Hence, this review provides an update in order to allow a better understanding of the potential role of the FGF23/Klotho axis in comorbidity of OP and VC. We believe that a better understanding of the relationship between both entities can help in proposing new therapeutic targets for reducing the increasing prevalence of OP and VC in the aging population.

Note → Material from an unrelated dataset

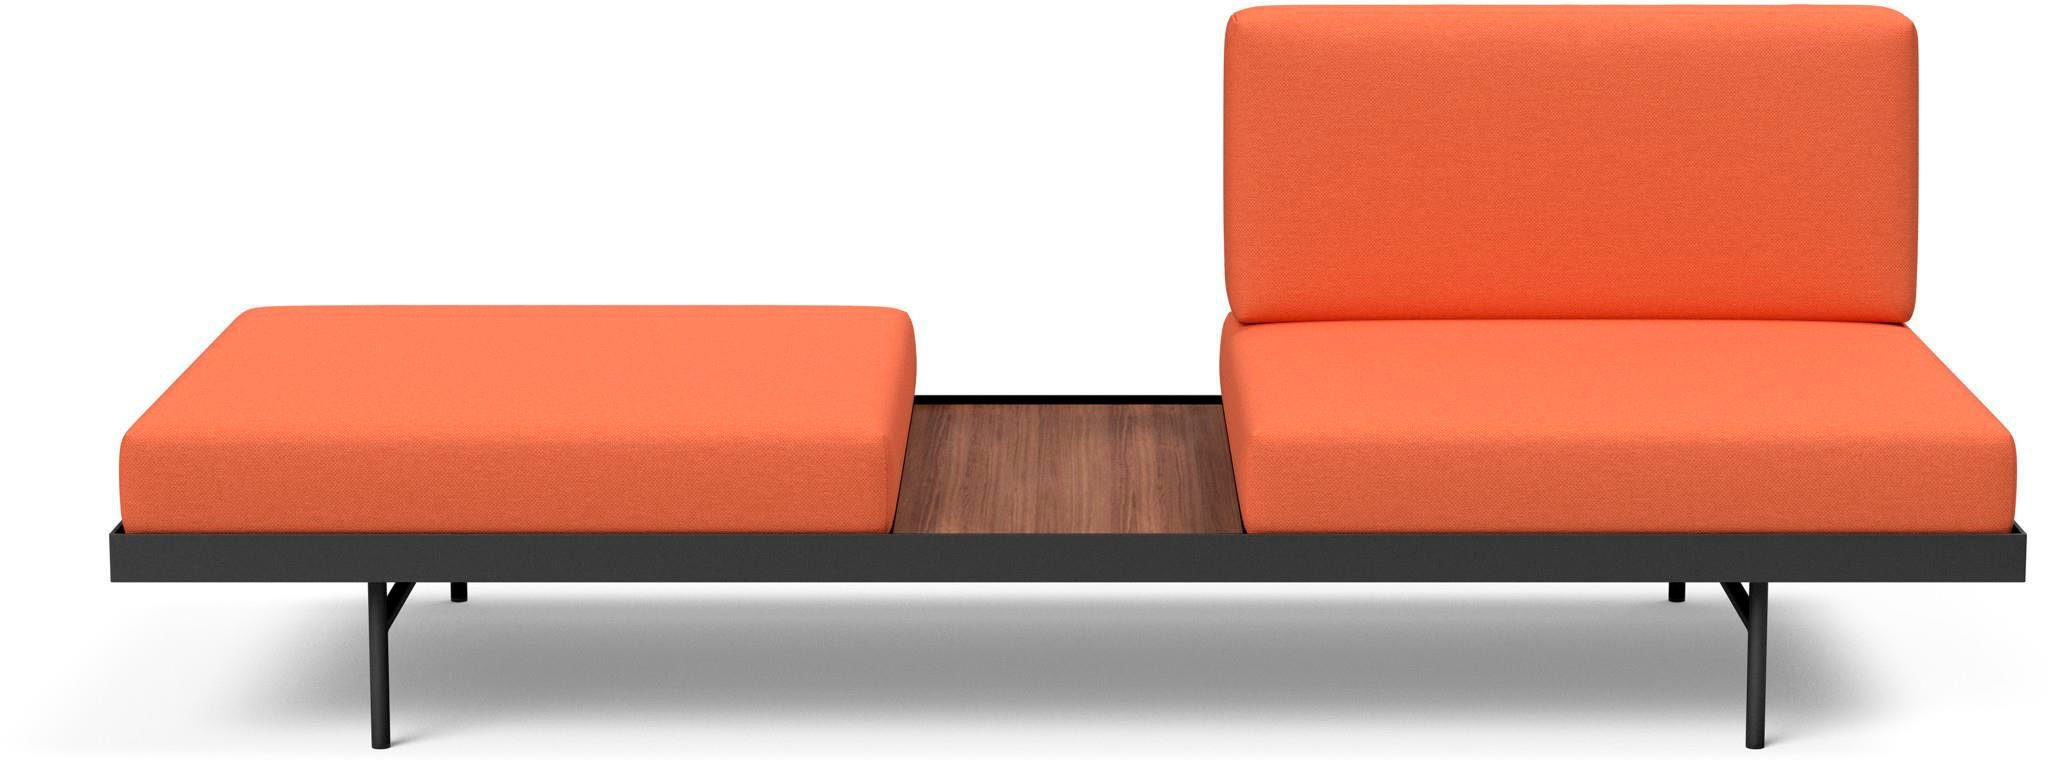 INNOVATION LIVING ™ Relaxliege PURI, Daybed mit integrierter Holzablage, flexible Aufteilung | Alle Sofas
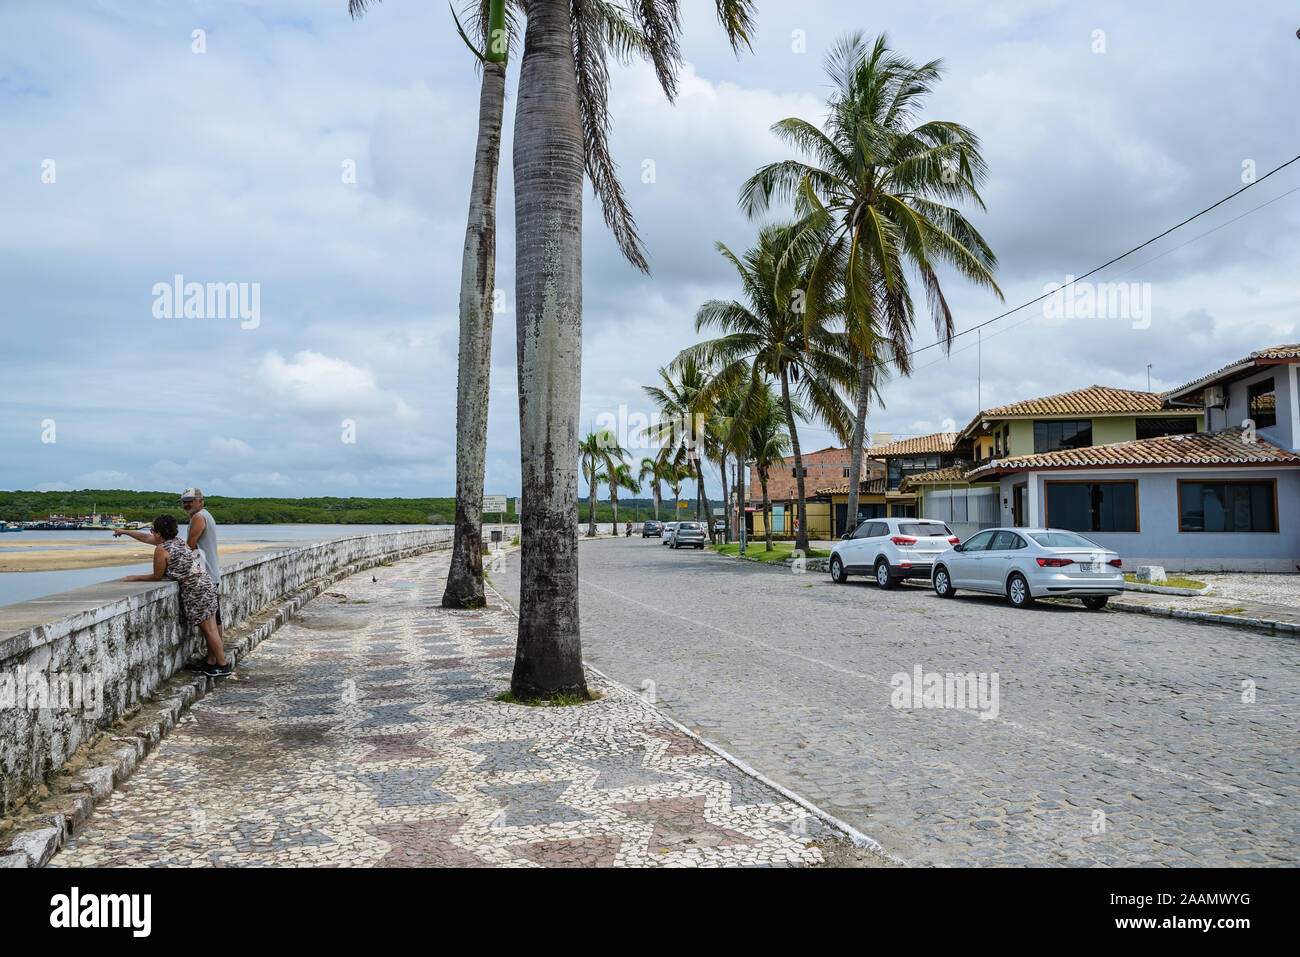 Schönes Mosaik Seite gehen unter Palmen in der Hafenstadt Porto Seguro, Bahia, Brasilien, Südamerika. Stockfoto

2. Mechanism of the FGF23/Klotho axis on Osteoporosis

2.1. Vitamin D

FGF23 was later demonstrated to be involved in the decreases of 1,25(OH)2 D in both global and tissue-specific deletion studies [24]. The renal 1α(OH) ase enzyme is recognized as the major source of circulating 1, 25(OH)2 D, which is tightly downregulated by the phosphaturic hormone FGF23. It is well established that activation of the FGF23/α-klotho signal is able to inhibit the production of 1,25(OH) 2 D by suppression of the renal Cyp27b1 expression. In addition, diverse studies point to these active forms, including 1,25(OH) 2 D and 25(OH) D, can be metabolized largely by CYP24A1, while FGF23 could increase the expression of CYP24A1 [25]. It is well known that 1,25(OH)2 D, a steroidal hormone, acts mainly as a ligand of the widely distributed nuclear vitamin D receptor (VDR). Vitamin D compounds reduce the RANKL/OPG ratio and osteoclast differentiation by acting on VDR which is preferentially expressed in osteoblasts and osteocytes in the bone, while mineral-regulating hormones such as PTH and FGF23 plays a complex role in the VDR-regulated expression of RANKL and OPG in osteoblast lineage cells [26]. Also, interesting results were observed in a recent animal experiment. Klotho −/− VDR Δ/Δ knockout mice, like Klotho −/− -PTH −/− mice, had complete rescue of the skeletal phenotype, while FGF23 −/− VDR Δ/Δ knockout mice did not [27]. These data provided a second line of evidence that Klotho and FGF23 effects independently in bone.

2.2. Phosphate (Pi)

FGF23 reduces serum Pi by inhibiting 1,25-dihydroxyvitamin D synthesis, suppressing intestinal Pi absorption, and by downregulating the transporters NPT2a and NPT2c, suppressing Pi reabsorption in the proximal tubules [28]. Of special interest, the organ-specific expression of Klotho has been detected that is practically confined to distal tubules, which is also the site for initial FGF23 binding and signaling. The mechanism of how signals originating in the distal tubules translate into the proximal tubules to reduce Pi reabsorption remains unknown. However, recently, a novel mechanism of efflux of inorganic Pi from renal proximal tubular epithelia has been proposed: Xenotropic and polytropic retrovirus receptor 1 mediates efflux of Pi through the basolateral membrane of the renal proximal tubular epithelia [29]. Furthermore, an in vivo experiment implied a potential role for the FGF23/Klotho/PTH axis in the Pi handling in the proximal tubules [30].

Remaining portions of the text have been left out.